Chef Tyler Florence Carves Out His Niche

He's a famous restaurateur and baby-food mogul. And he's happiest in the woods surrounding his home.

By Avital Andrews

June 3, 2015

He's a famous restaurateur and baby-food mogul. And he's happiest in the woods surrounding his home.

Celebrity chef and baby-food mogul Tyler Florence. | Photo by John Lee/Courtesy of Tyler Florence

Tyler Florence, 44, has been on TV for 15 years, hosting shows on the Food Network and appearing on Oprah, Iron Chef, and Good Morning America. He's also a best-selling cookbook author and the cofounder of Sprout, a popular line of organic baby food. When Sierra caught up with him at a natural-products convention, the father of three held forth on how childhood has changed and how he's using a machete to re-create the wilds of his youth.

In his words: 

"I grew up on a cul-de-sac in a subdivision in upstate South Carolina. Behind it was an undeveloped area of the Blue Ridge Mountains that we used to run and play in. In summer, we'd leave in the morning and not come home until the sun went down. My parents didn't know where I was. There was this sense of responsibility where you just got lost outside, and your day was your own. But you knew how to get home—you had this homing pigeon sort of thing that a lot of kids don't possess today. 

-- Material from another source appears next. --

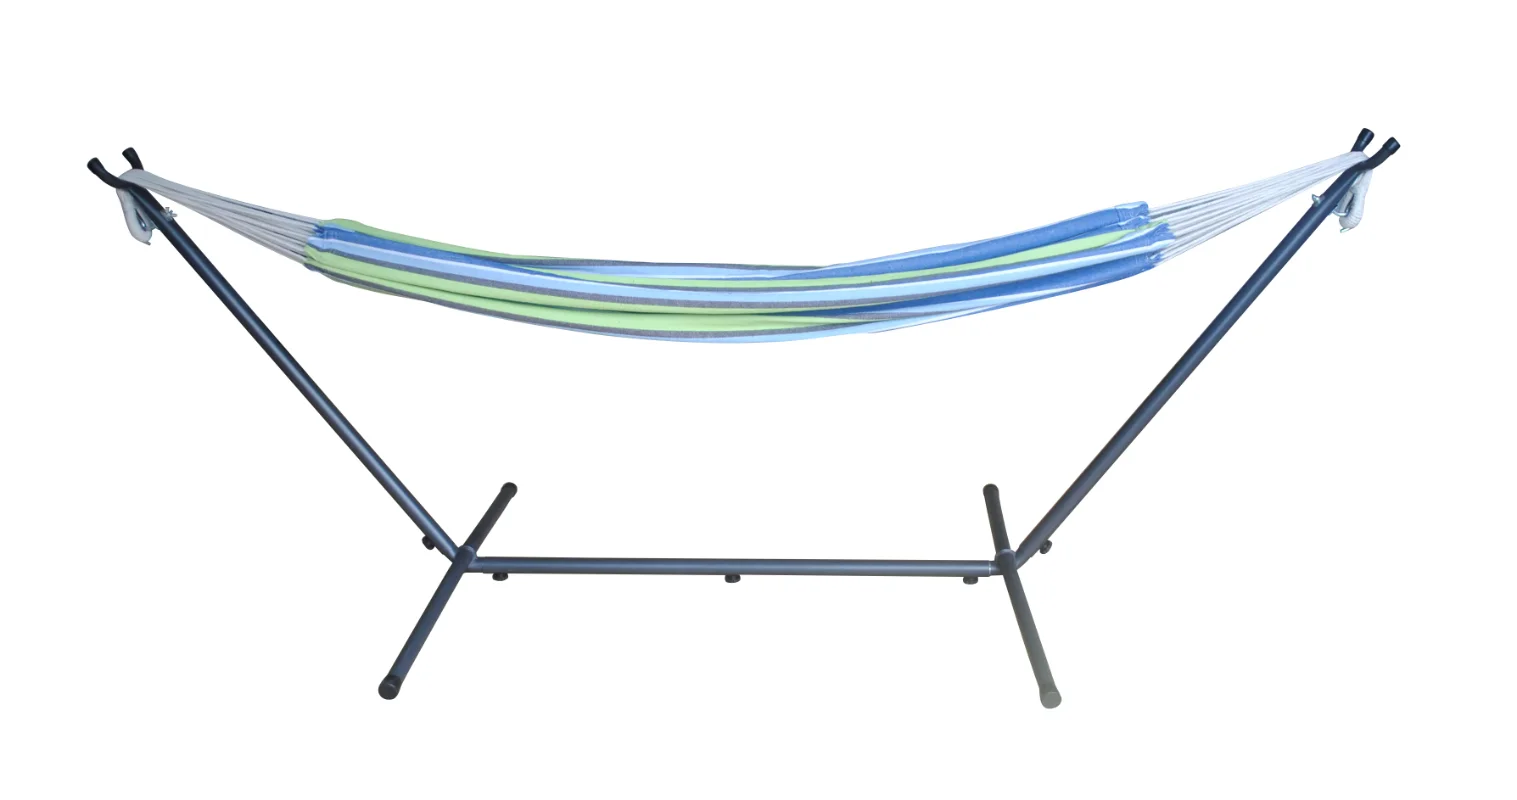 

Mainstays Blue Striped Hammock with Metal Stand, Portable Carrying Case, Blue Color

"I don't believe in restricting children from technology, but I do believe in balancing it out. So we hike a lot. I spent 14 years in New York City, but now we live on six acres in Corte Madera, California—my wife and I moved west in 2006, when she was pregnant with our son. 

"I'm carving a semi-Tough Mudder trail on our property, which is wooded and hasn't been touched in 100 years. I have a machete I got on Amazon. I don't know what kind it is, but it's a bushwhacker. I'm cutting the briar patches so that we can turn them into something else. I'm also bending young eucalyptus trees into tunnels. I have a long-term vision, but it'll probably change. I've kind of turned mountain goat.

"A long time ago, we were at my New York apartment when the idea for Sprout popped up. A friend brought her toddler over, and she had a little jar of something that was absolutely terrible. Every spoonful that went in, her son would spit out. She started crying. So I grabbed a couple of carrots, steamed them, pureed them, and fed it to him. His eyes lit up, and he started grabbing for the bowl. 

"Before Sprout, baby food was classified as a pharmaceutical. As a parent, there was nothing out there that I felt good about buying. It was just gruel. People think that children have no palate. If you give them something that actually tastes good, they'll appreciate you for it. And they'll start developing a palate for a plant-based diet instead of fried salt and carbohydrates. 

"There's a big battle for ownership of the world's food supply. If it's not organic, you can't trust it. If it doesn't have a good, honest story about where it came from, if you can't trace it, then I can't trust it. For us, this is such a baseline conversation that it's not even our most important message. We are that. If you're not, what do you stand for?"